# Cables freezing going into Quick Disconnect block



## jayhawk238 (Oct 29, 2010)

I have a problem of the two cables that attach to the bottom of the Quick Disconnect block freezing after setting over night. I have to use a hair dryer for 15 - 20 minutes before I can lift the the snow blower or rotate the chute. I have no idea why it is doing this. Has anyone else have has this problem. Can a person wrap a heat tape around the cables and the bottom the the block? Any other ideas???


----------



## Thomas (Nov 1, 2006)

Maybe WD40 or deicer spray on connection might help.


----------



## sixbales (May 18, 2011)

Howdy jayhawk238,

Welcome to the tractor forum.

I'm not sure I understand your problem? Do you have water in the hydraulic fluid that freezes up?
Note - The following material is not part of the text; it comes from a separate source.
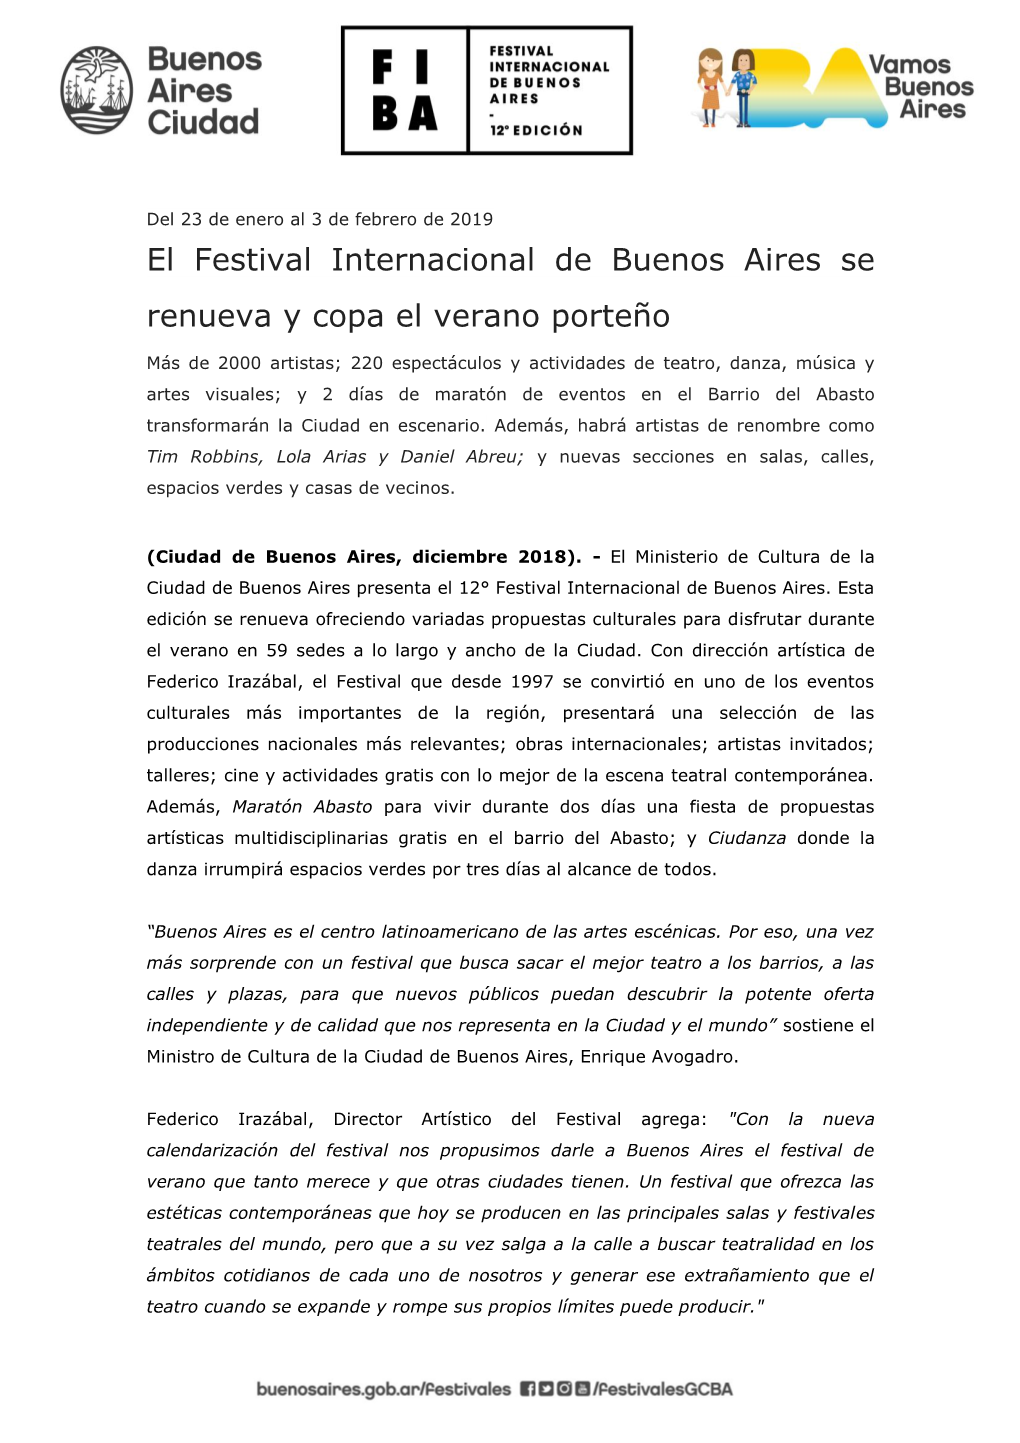 El Festival Internacional De Buenos Aires Se Renueva Y Copa El Verano Porteño

Maybe the QD block represents a low spot where water accumulates.


----------



## jayhawk238 (Oct 29, 2010)

Thanks for the reply's. I will post some photos to show where my problem seems to be. Right know I'm REAL busy. I open a bunch of driveways and we have got over 6 foot of snow in the past 4 days! Picked up another 12 inches today and it's suppose to snow all night and all day and night tomorrow. Whenever it stops and I can catch my breath I'll post those pictures.


----------



## Thomas (Nov 1, 2006)

Hope your pacing yourself Jayhawk doing those long hours.


----------



## jayhawk238 (Oct 29, 2010)

Doing my best to!! Thanks for your concern.


----------



## Fedup (Feb 25, 2014)

I'm assuming here that you're referring to the cables from a joystick to a loader valve? Moisture getting into cables, then turning to ice in cold temps is a common problem in many places, particularly with tractors that live outside. Heat tape will definitely help, if you can wrap both the cables and tape to insulate and retain the heat where it will do some good. If the cables are longer than needed, they will often sag somewhere and develop a "low spot" where trapped moisture will collect. If you find such areas, maybe you can raise the cables up a bit in that area and tie them so that moisture can drain out (if it ever warms up enough).


----------



## RM-MN (Sep 11, 2015)

Fedup said:


> I'm assuming here that you're referring to the cables from a joystick to a loader valve? Moisture getting into cables, then turning to ice in cold temps is a common problem in many places, particularly with tractors that live outside. Heat tape will definitely help, if you can wrap both the cables and tape to insulate and retain the heat where it will do some good. If the cables are longer than needed, they will often sag somewhere and develop a "low spot" where trapped moisture will collect. If you find such areas, maybe you can raise the cables up a bit in that area and tie them so that moisture can drain out (if it ever warms up enough).


If it's the cables from the joystick that are icing up, pour a little gas line antifreeze down them. It takes very little moisture to freeze them and it takes very little of the gas line antifreeze to thaw them out again. An eyedropper may be the tool to use to put the antifreeze in. You may have to lubricate them when the weather warms up though.


----------